Развешиваю бельё в саду на верёвке, развешиваю и вижу на себе – а была я одета по-лёгкому – полохливые мамушкины глаза.
Перестала я вешать, смотрю на неё.
Мамушка и говорит исподтиха, с секретом таким в лице:
– Марьян, а чё эт ты выставила пузо – хоть блох колоти?
Дрогнула я вся, будто ток меня прошил. Но не потерялась вовсе, взяла на себя вид дурашливо-развесёлый, отвечаю в ответ:
– Справная стала. Надо быть, с толстых харчей.
– Ох, ломака, не вали на харчи... Всегда харчи были тебе не в корм коню... – Мамушка весь век навыверт кладёт эту прибаску. – Не шли мне грешных мыслей в голову... Ты убери его... чё ли... Подбери...
– Куда ж я уберу? Отстегну, что ле?
Мамушка поднесла руку к груди.
– Болит мое... Ох, не наделали ль вы хлопот, что не сходится капот?
Я и не дыхнула – не кинулась ёжиться.
– Не сходится... – опускаю глаза.
Мамушка так и села.
Вижу, хватает воздух, как рыбина на берегу, а дохнуть нечем. Подбежала я, завалила на горку сухого, ещё не стиранного, белья и ну руками гнать к лицу воздух.
Оклемалась... Качает головой.
– Вот уж ох и вправде... Спасибочки скажешь... Разуважила... А как хотел батько отдать в место, покудова ветры не обдули да собаки не облаяли, так ты поперёк... А теперь-то как? А что изверг-молчушник твой? Из поганого ружья мало пристрелить! Мураш мохнорылый!
– Муж...
– Муж?! По такой лавочке – как в штанях какой, так и муж! – знаешь, скоко их, котов купоросных, бегает! Попомнишь ты эти лихостные игрища!.. Пойду-ка... Нехай напрядеть тебе на кривое веретено!
В коротких словах мамушка говорила с отцом.
Проявились они из дому помилуй как скоро.

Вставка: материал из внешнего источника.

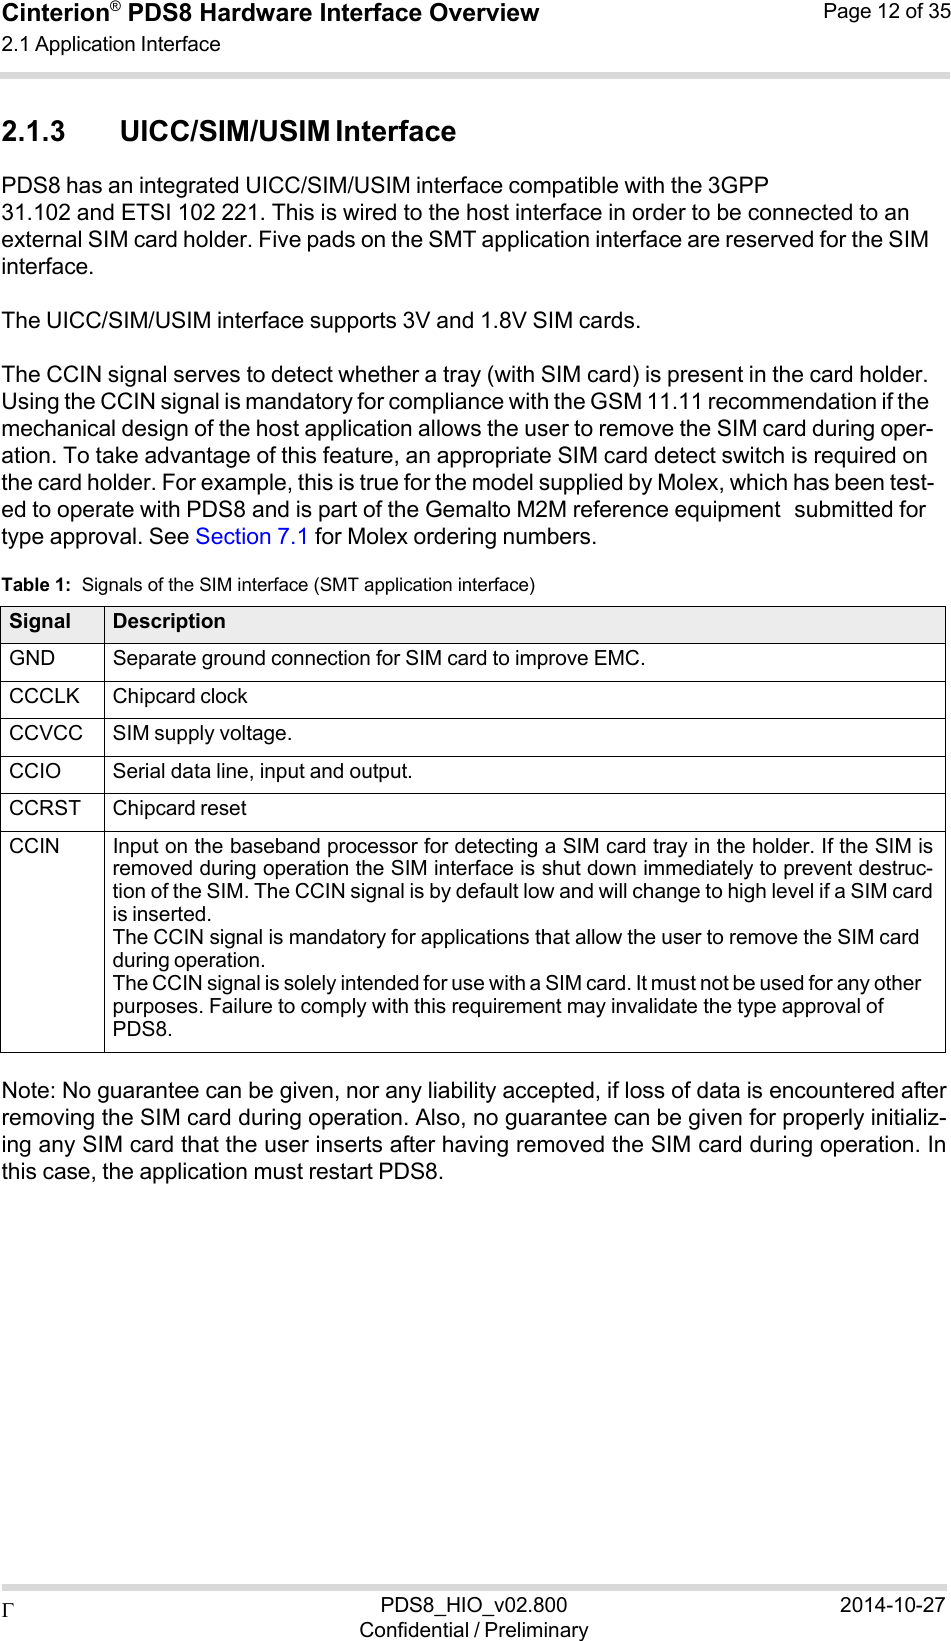  PDS8_HIO_v02.800Confidential / Preliminary2014-10-27Cinterion®  PDS8 Hardware Interface Overview 2.1 Application Interface Page 12 of 35   2.1.3 UICC/SIM/USIM Interface PDS8 has an integrated UICC/SIM/USIM interface compatible with the 3GPP 31.102 and ETSI 102 221. This is wired to the host interface in order to be connected to an external SIM card holder. Five pads on the SMT application interface are reserved for the SIM interface.  The UICC/SIM/USIM interface supports 3V and 1.8V SIM cards.  The CCIN signal serves to detect whether a tray (with SIM card) is present in the card holder. Using the CCIN signal is mandatory for compliance with the GSM 11.11 recommendation if the mechanical design of the host application allows the user to remove the SIM card during oper- ation. To take advantage of this feature, an appropriate SIM card detect switch is required on the card holder. For example, this is true for the model supplied by Molex, which has been test- ed to operate with PDS8 and is part of the Gemalto M2M reference equipment submitted for type approval. See Section 7.1 for Molex ordering numbers.  Table 1:  Signals of the SIM interface (SMT application interface)  Signal DescriptionGND Separate ground connection for SIM card to improve EMC.CCCLK Chipcard clock CCVCC SIM supply voltage. CCIO Serial data line, input and output.CCRST Chipcard reset CCIN Input on the baseband processor for detecting a SIM card tray in the holder. If the SIM is removed during operation the SIM interface is shut down immediately to prevent destruc-tion of the SIM. The CCIN signal is by default low and will change to high level if a SIM card is inserted. The CCIN signal is mandatory for applications that allow the user to remove the SIM card during operation. The CCIN signal is solely intended for use with a SIM card. It must not be used for any other purposes. Failure to comply with this requirement may invalidate the type approval of PDS8.  Note: No guarantee can be given, nor any liability accepted, if loss of data is encountered after removing the SIM card during operation. Also, no guarantee can be given for properly initializ- ing any SIM card that the user inserts after having removed the SIM card during operation. In this case, the application must restart PDS8. 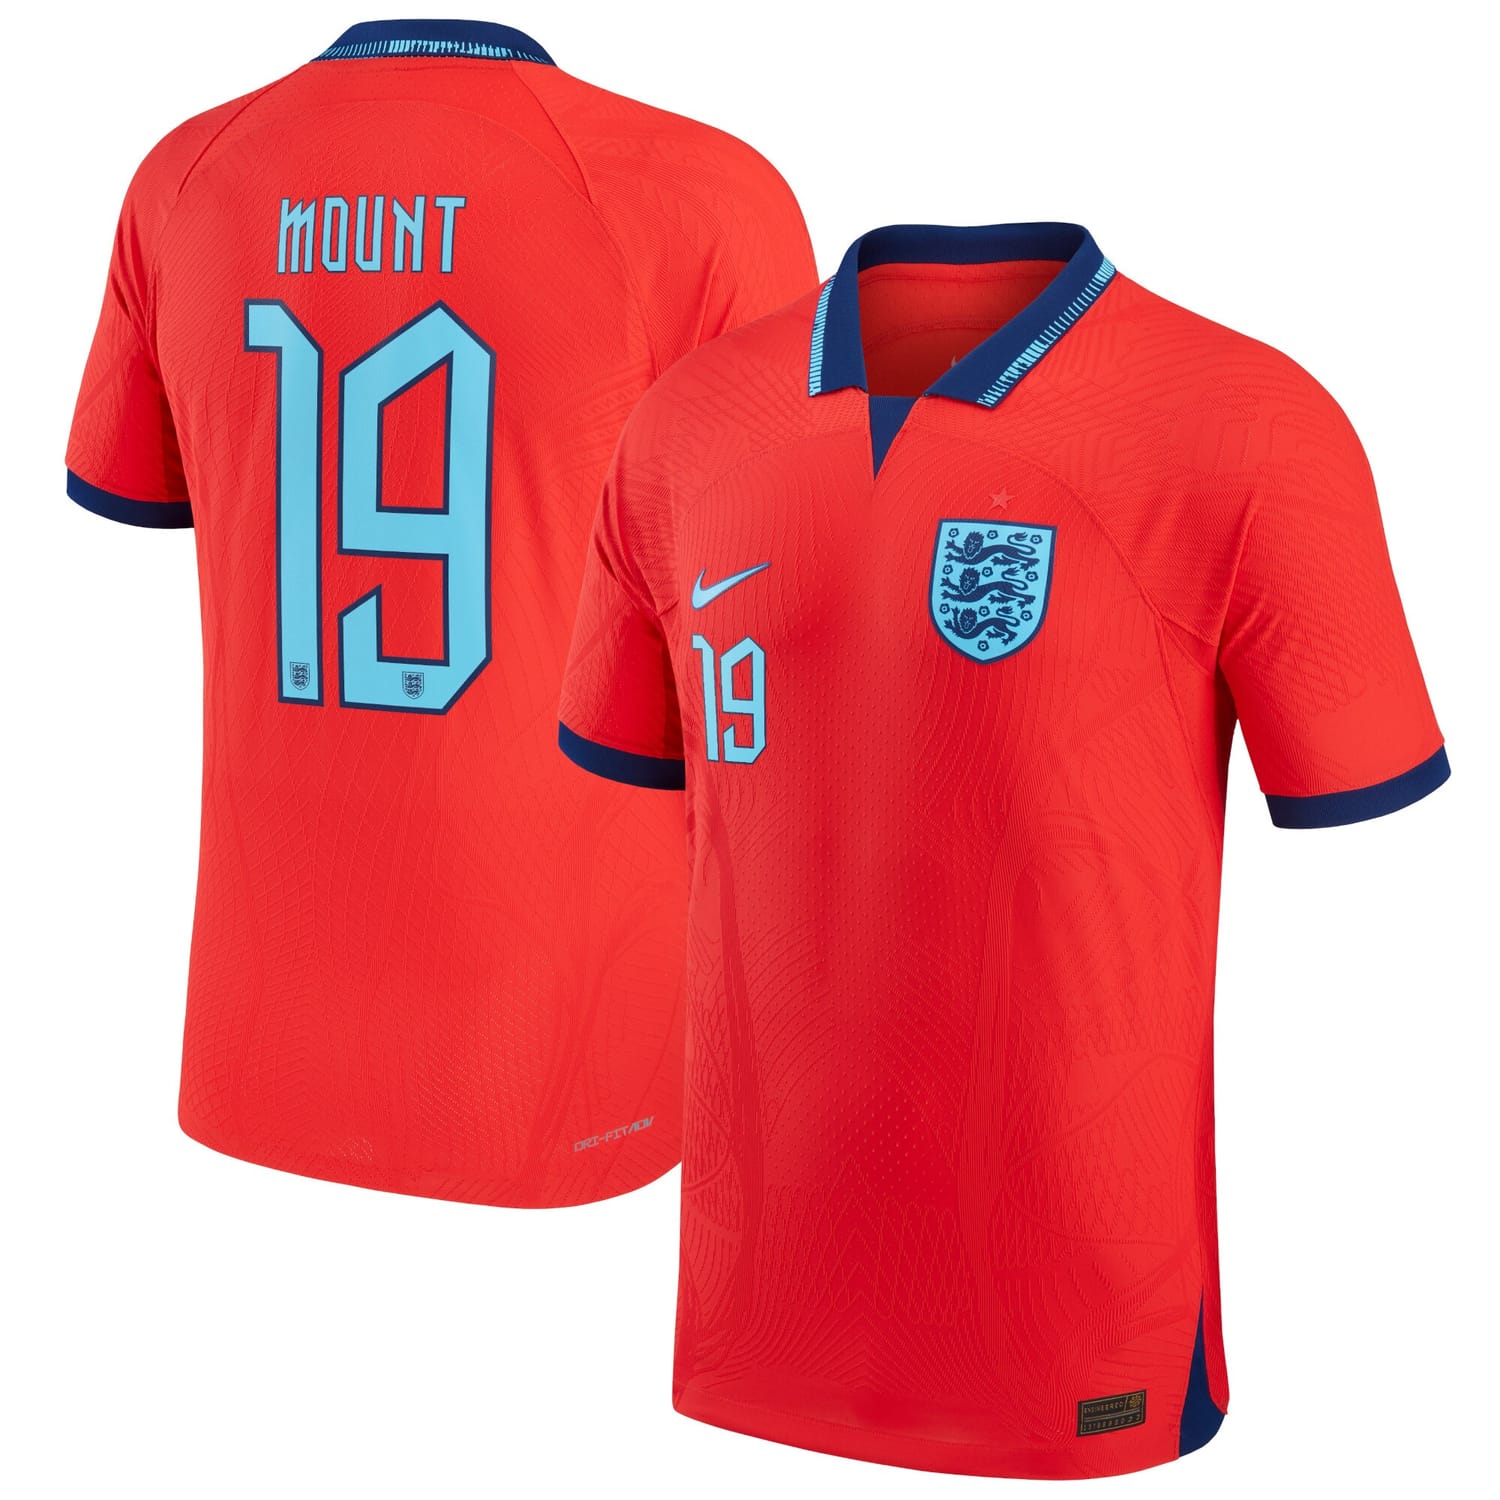 England National Team Away Authentic Jersey Shirt 2022 player Mason Mount 19 printing for Men

Я ждала, что отец ядром выскочит с какой-нибудь штуковиной наподобие вожжей, накрученных на руку, а он вышел ни с чем да какой-то весь из себя тихий, тень тенью, какой-то виноватый с лица.
Стал на крыльце, сложил перед собой руки в замок, губы кусает.
– Иль я у Бога телка съел? – в печали говорит, а у самого пот по лицу. – За что ж судьба так?... Вот вам, Михайло Андрев, явленье второе, – смотрит искоса мне на живот. – Вишь, какие у молчуна богатыя речи! У нас в роду и старикам такое не в память...
Стою я навытяжку, как ружьё. Стою ни жива ни мертва.
– Отец... честное слово... мы... не хотели...
– Знамо... Ну да кто же спорит? И разве я что против говорю? Эха-а... Ангельски каемся, да не ангельски согрешаем... Что самого-то сукиного кота не видать? Иль в мышиной где отсиживается норке?
Набычилась я, что твоя середа на пятницу.
– Зачем же, – говорю, – в норке... С Верхнего Лога солому возит.
– Что он-то поёт? А старики?
– И сам, и отец-мать в одну руку играют... Не противься я – давнушко б сосватали.
– А ты-то что проть шерсти? Нелюбый?
– Вот ещё...
– Тогда что ж?
– Да робела все... не знала...
Отец перебил меня:
– Чего девка не разумее, то её и красивит! Вот что... Не рука тебе тянуть... Говори с им, говори, что хошь... Куда б там дело ни бежало, абы мне ехало к венцу. В первое же вот воскресенье велю сослать под венец. Вашему греху один венец судья!
– Вообще-то... Нам венчаться нельзя...
– Это почему ещё, а раскидай тя в раны?!
– И я и Валера... в комсомол записанные... Активные...
– Что активные – вижу, не слепой. А дальше что?
– Какой же мы пример дадим?
– Не спорю. На беду, пример ваш ни кансамолу, ни дьяволу не гожается... – Подумал вслух: – Это что ж за песня? Как кансамолий, так уж по-людски и обзакониться не смей?
– Отчего же... А вон загс на что, по-вашему?